華の金曜日、Instagramを開くと案の定、向こうの世界では同期飲みや社員飲みが開かれていた。画面上の乾杯の瞬間はコンマ5秒の速さで次々とストーリーを送ってしまえるほど、どれもこれも同じ光景に見えた。

就職で上京して、たったの5日間で「同期だいすき🫶🏻」と全世界に発信できる気軽さというか潔さというか、自分には到底真似できない行動力が一周まわって羨ましい。羨ましくはあるけれど、手に入れたいとは思わなかった。ただ、彼女たちに合うのはこの生活なのだろう、と思うだけだ。

あんなにレールから外れることに恐怖していたはずなのに、いま、私は“みんな”と少し違うルートを歩めていることに安心している。安心というか、納得感があるのだ。


就職先が決まってからも、親にはずっと渋い顔をされていた。親の理想とする職場はたぶん、それこそインスタで見かけるような環境だったのだろう。そもそも就活する気力すらなかった人間がここまで来ただけで褒めてほしいものだけれど。まあ、もう親を満足させるための生き方をしたって仕方がない。

私には会社の同期がいない。そしてここは地元でもなければ都会でもなく、知り合いもいない。仕事帰りにごはんや飲みに行く仲間だっていない。しかしこの環境はかえって、私にとってはとても息がしやすい。

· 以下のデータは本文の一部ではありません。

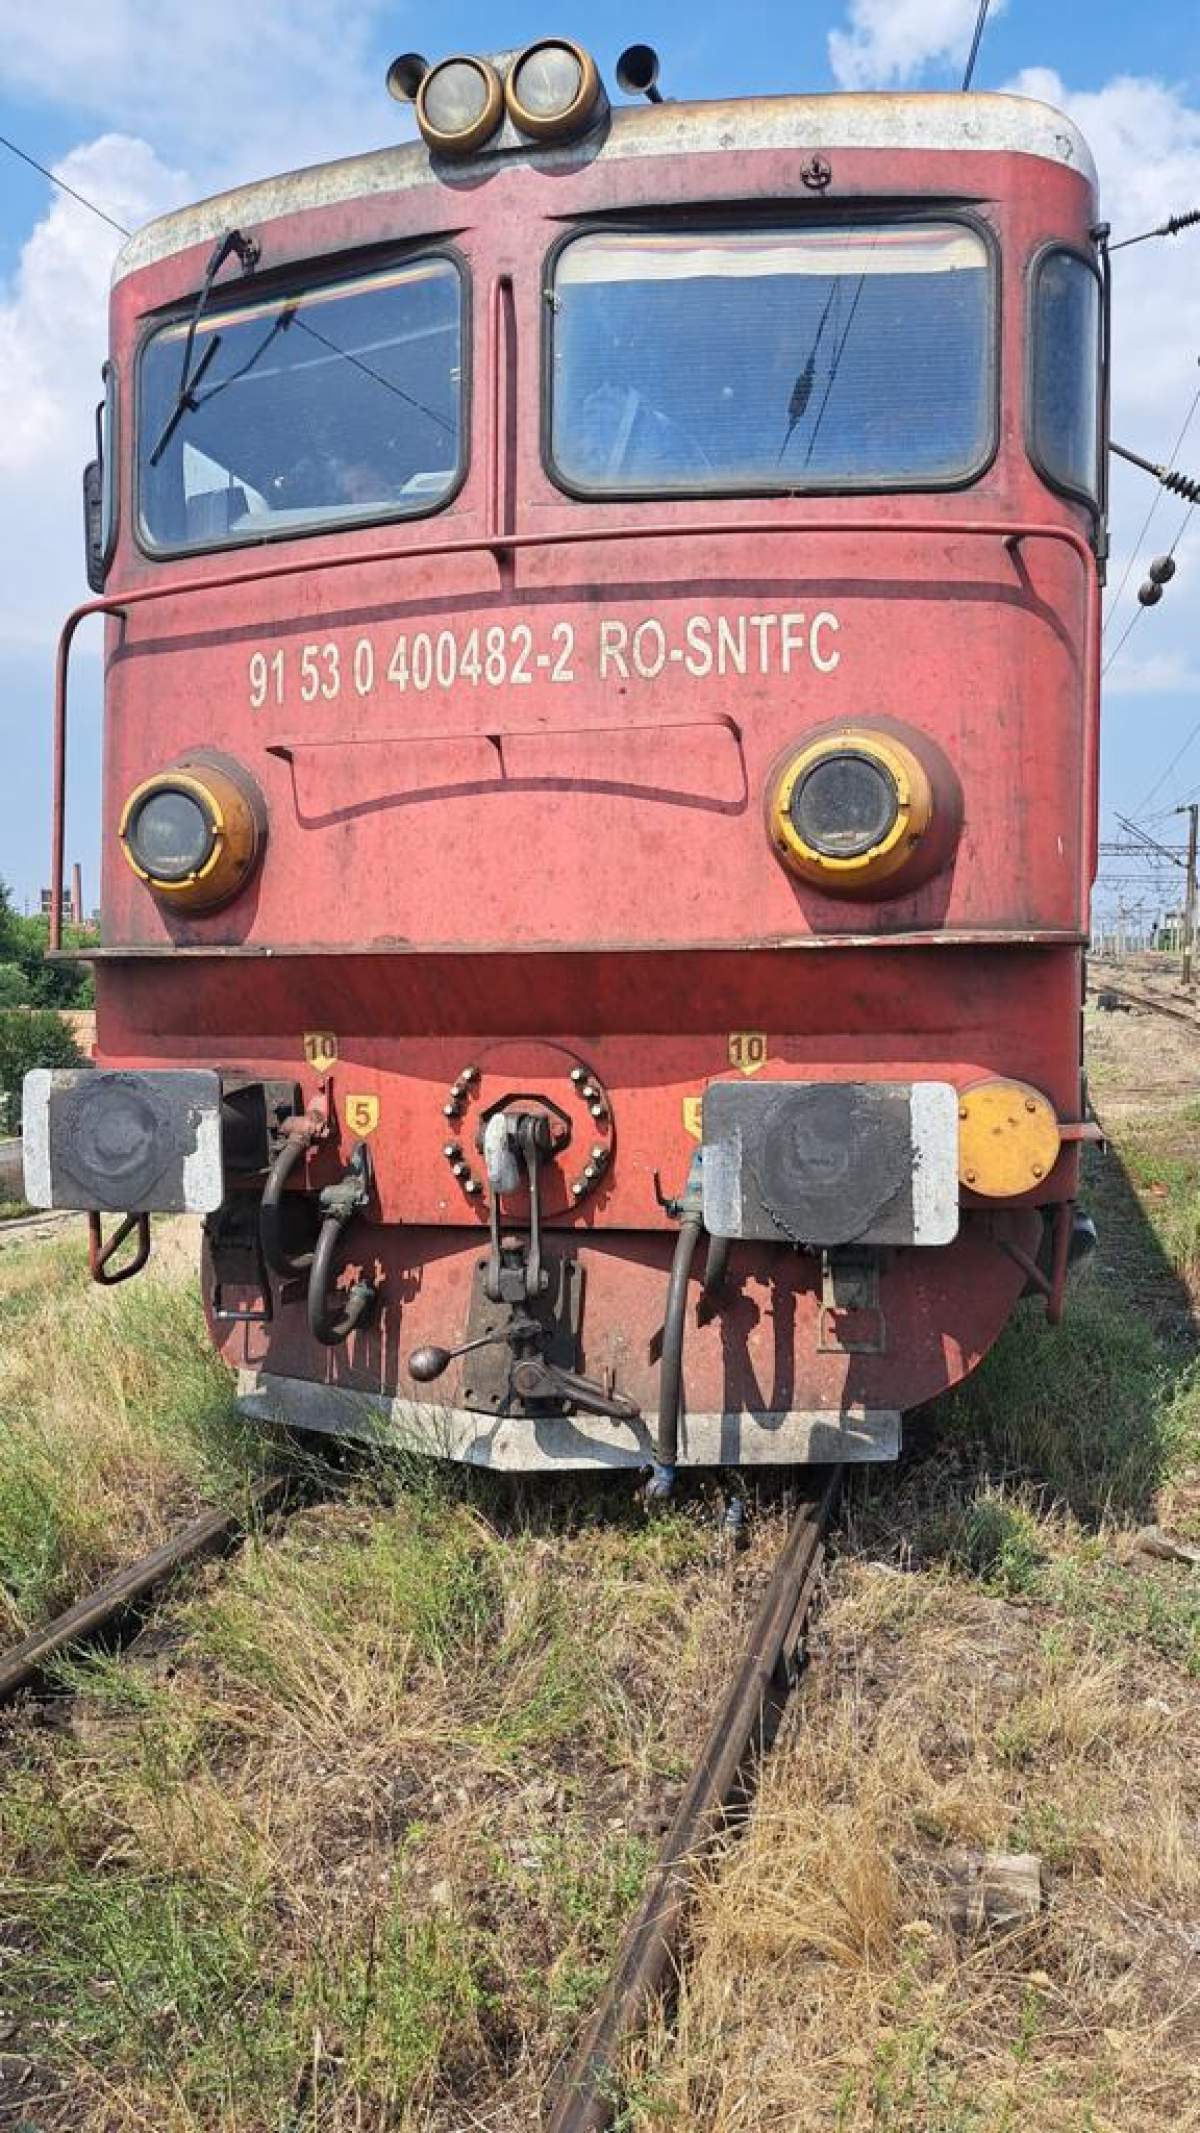 Două locomotive s-au ciocnit violent! Accidentul feroviar a avut loc la Roșiori / FOTO

比べられる対象がいないという事実は、それだけで肩の力が抜ける。会社で唯一、そして一番のぺーぺーという肩書きは、むしろ堂々と何もわからない顔をしていられる。(ここにも書いたけれど)
さらに、休み時間にはなんとなく誰かと一緒にいなければならないような空気も味わずに済む。私は昔から、固定のメンツに縛られるのが苦手だった。お昼を食べたり一緒に帰ったりする相手を探すだけのことに必死になるくらいなら、最初から一人で勝手にふらふらしても不思議がられない方が何十倍も気が楽だ。

煌びやかな都会のオフィスにいる自分を想像してみる。何百人、何千人という数のうちのひとつになった私。しかし、いくら考えてみてもそのイメージは宙に浮かんだまま、帰ってくることはなかった。就活生だった頃から、ずっと想像に限界を感じていた。
もしもあの世界にいたとしたら、私は染まることに必死になって、自分をまた見失ってしまうところだったかもしれない。なんとなく、そんな気がする。


こうして1週間過ごしてみて、ああ、私も外れて生きていけるんだ、と思う。この選択に後悔があったわけじゃない。ただ、いざ生活が始まってみるまではこれでよかったのか、正直ずっと迷いも感じていた。誰かに誇れるような、それこそ親が自慢できるような道は歩んでいない。そのことがどこか、後ろめたく感じるところもあった。

だけどやっぱり、私にはあの画面上にいる世界線だけはありえなかった。あの世界は眩しいけれど、私の存在できる場所ではない。“みんな”と同じようにはなれなくても、それでも、私が私であるとわかる場所にいられる方がずっといい。

世界の中心にいなくたって、そこには綺麗な空気が流れていて、素朴な人々が歩いていて、冷たくて美味しい水を飲むことができるだろう。腹の底から息を吸って、ゆっくりと吐く。ここが私の世界だと胸を張って言えるようになるまでには、たぶんそう時間はかからないはずだ。